Zapruder as assassination witness
Zapruder filmed the assassination using a then top-of-the-line Model 414 PD 8mm Bell & Howell Zoomatic Director Series movie camera purchased in 1962 loaded with Kodak Kodachrome II safety film. This historic film footage is the "Zapruder film". Zapruder, who suffered from vertigo, had to be steadied by his secretary Marilyn Sitzman as he stood atop a pedestal that was part of a concrete pergola.
After the assassination, Zapruder returned to his office where a reporter and secret service agent Forrest Sorrels turned up within an hour. Realizing the importance of the footage but still shocked by what he had seen, Zapruder agreed to turn the film over to Sorrels provided that it was only for the use of the Secret Service and others investigating the assassination, as he also wanted to sell the film. The group took the film to television station WFAA where Zapruder appeared on air less than two hours after the assassination. But WFAA had no capability to develop 8mm film and so it was taken to Eastman Kodak who agreed to process it immediately.

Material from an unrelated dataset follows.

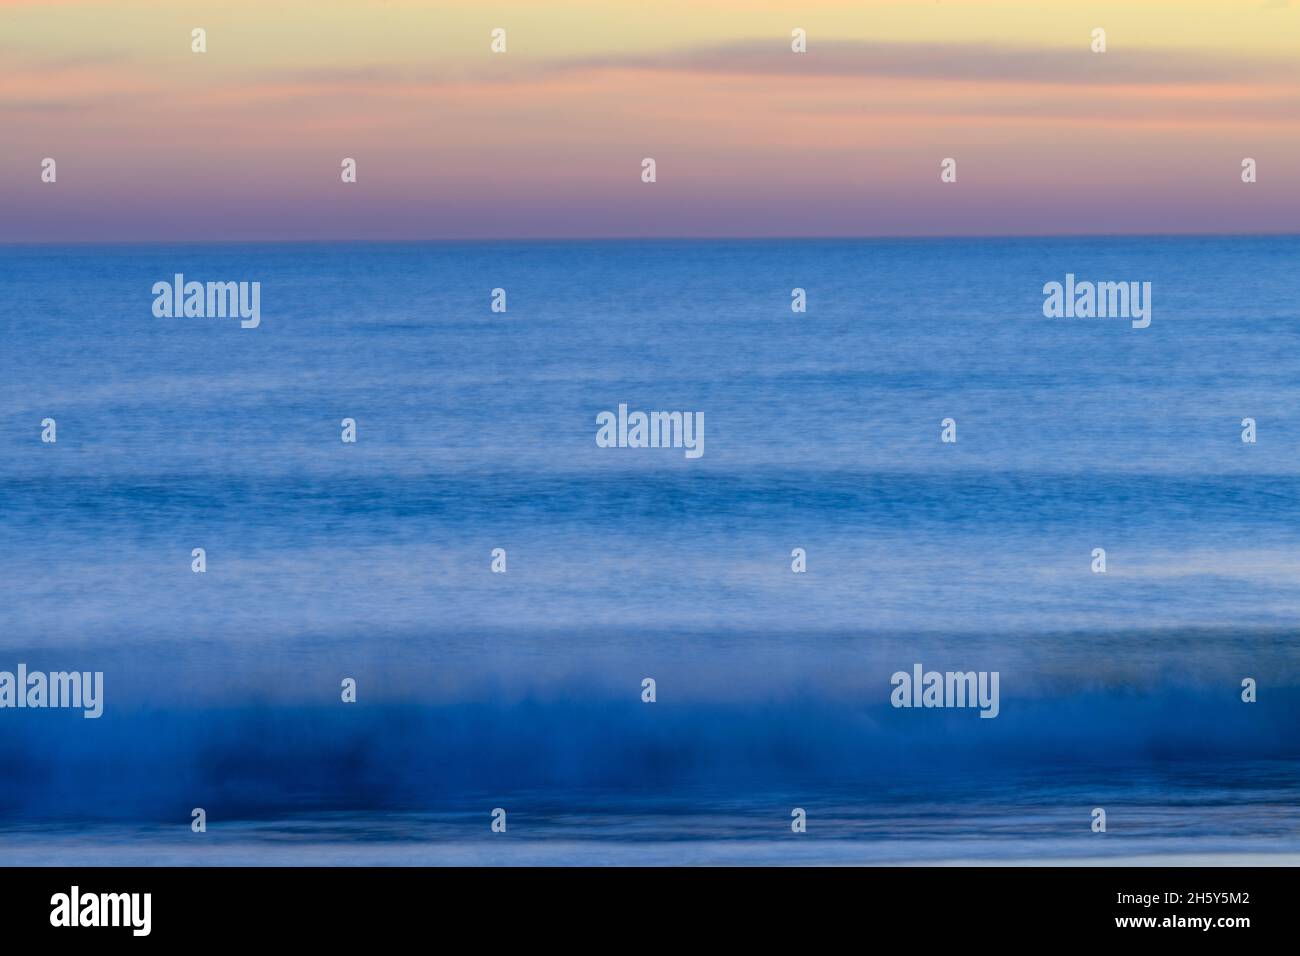 Blue abstract against the Atlantic Ocean, North Carolina, Outer Banks Stock Photo

Three copies were run off, with two going to the Secret Service and one to Zapruder. That night, Zapruder is said to have had a nightmare in which he was walking through Times Square and saw a booth advertising "See the President's head explode!" He determined that, while he wanted to make money from the film, he did not want the full horror of what was seen to be made public. On November 25, 1963, Zapruder sold the film to Life Magazine for $150,000, divided into six annual payments of $25,000. Zapruder donated his first $25,000 payment to the widow of murdered Dallas policeman J.D. Tippit. Part of the deal with Life was that Frame 313, showing the fatal shot, would not be shown.
Testimony
At 9:55 p.m. Dallas time on November 22, United States PRS Special Agent Maxwell D. Phillips sent a hand-written memo (Warren Commission Document, CD87) to U.S. Secret Service Chief James Rowley that accompanied one of the first generation copies said of Zapruder's origins of at least one shot, "According to Mr Zapruder the position of the assassin was behind Mr Zapruder." Behind Mr. Zapruder was the Dealey Plaza grassy knoll. However, in his testimony to the Warren Commission Zapruder was less certain:
Mr. LIEBELER. Did you form any opinion about the direction from which the shots came by the sound, or were you just upset by the thing you had seen?
Mr. ZAPRUDER. No, there was too much reverberation. There was an echo which gave me a sound all over. In other words that square is kind of--it had a sound all over.